I have a love-hate relationship with Facebook. During election season, I hate it. The Wall Street Journal, some of whose articles the wi-fi at Starbucks has on their landing page, had this article by Geoffrey Fowler in which he suggests the following:

Facebook’s home page News Feed is run by a personalization algorithm that feeds you information it thinks you want to see. It’s a machine tuned to promote sunset selfies and live cat videos, not foster political discourse. Why not add an opposing-viewpoints button that gives me the power to see a headline from another side?

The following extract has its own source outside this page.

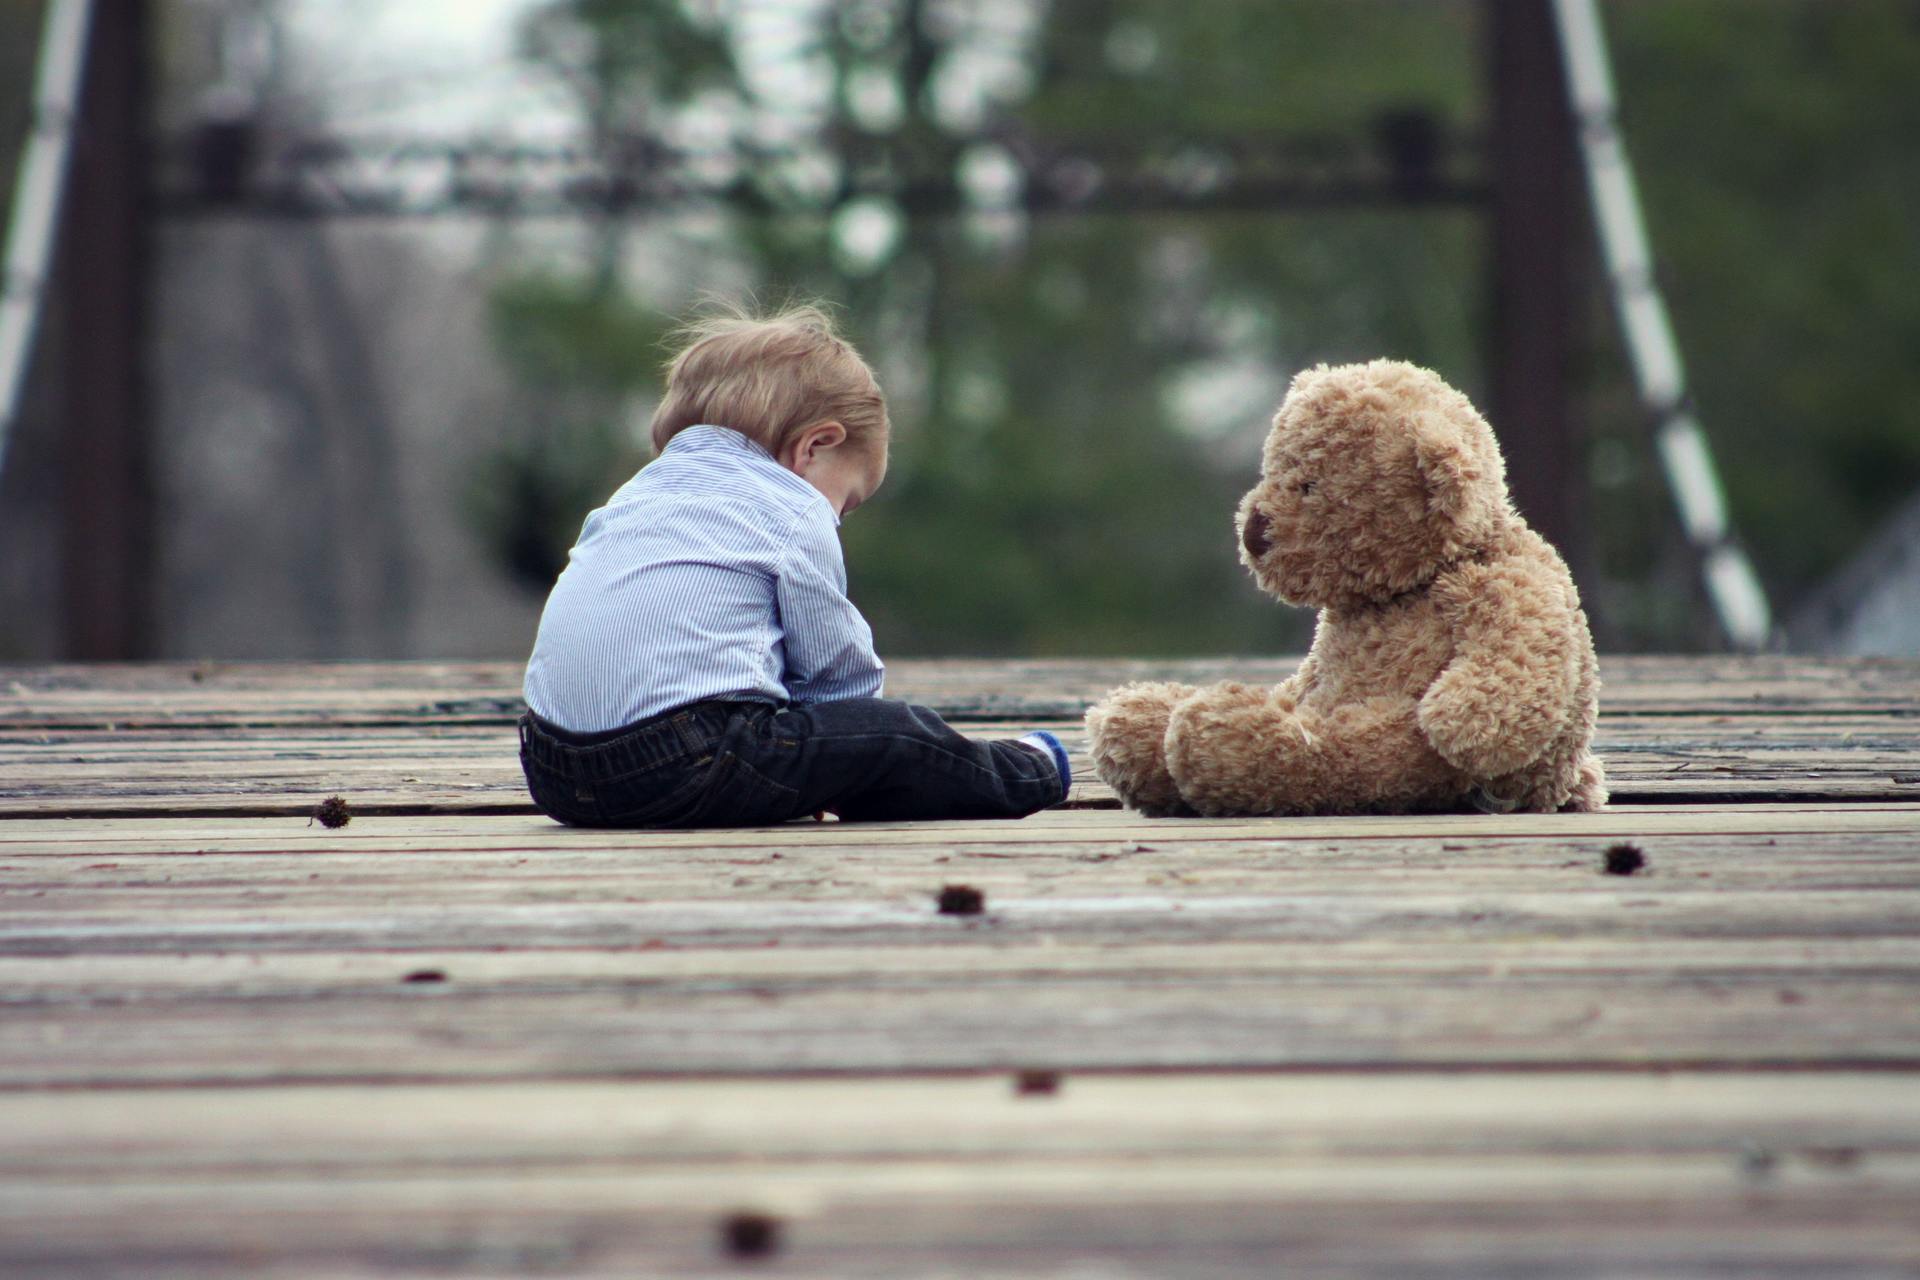 Toddler sitting alone with a teddy bear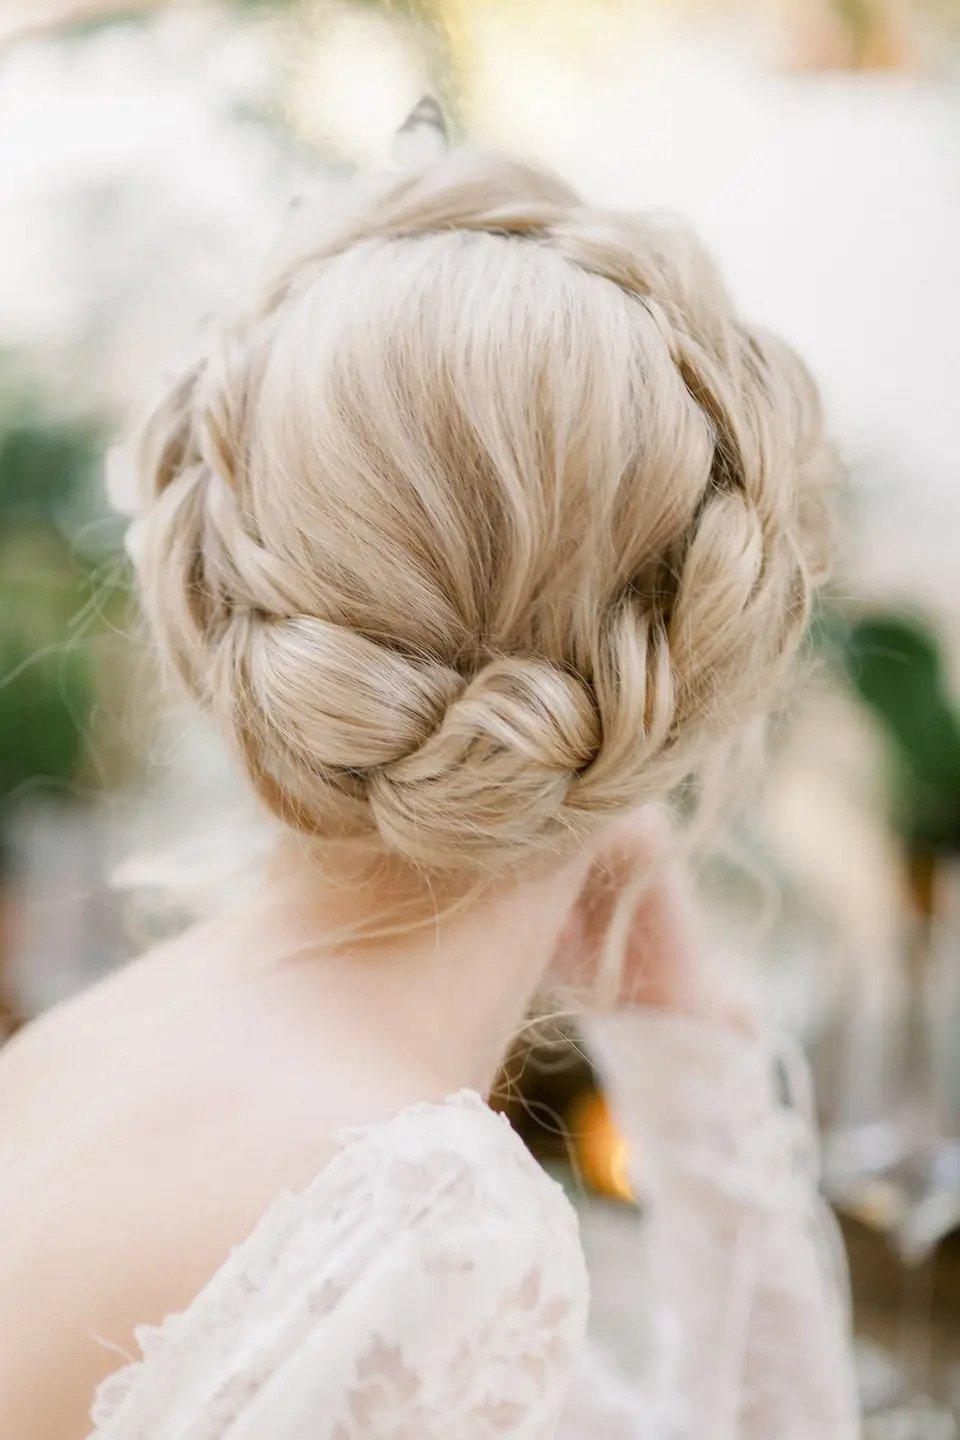 15 Fab Bridal Hairstyles That Take 5 Minutes or Less - Brit + Co

Facebook is a great place for kitten videos and funny memes, and for keeping up the members of your family, but especially at times like this (i.e. election season) it gets a little tense. During times like this, I don’t think we need an “opposing views” button. I think we need to spend less time on Facebook and more time doing something more constructive. Like writing a blog…


I do my best not to introduce politics on this blog. As I said way back in the beginning of this blog, I hate politics. But this picture of the lovely Tarder Sauce, a/k/a Grumpy Cat, which first appeared before the Super Bowl, might best express how I feel…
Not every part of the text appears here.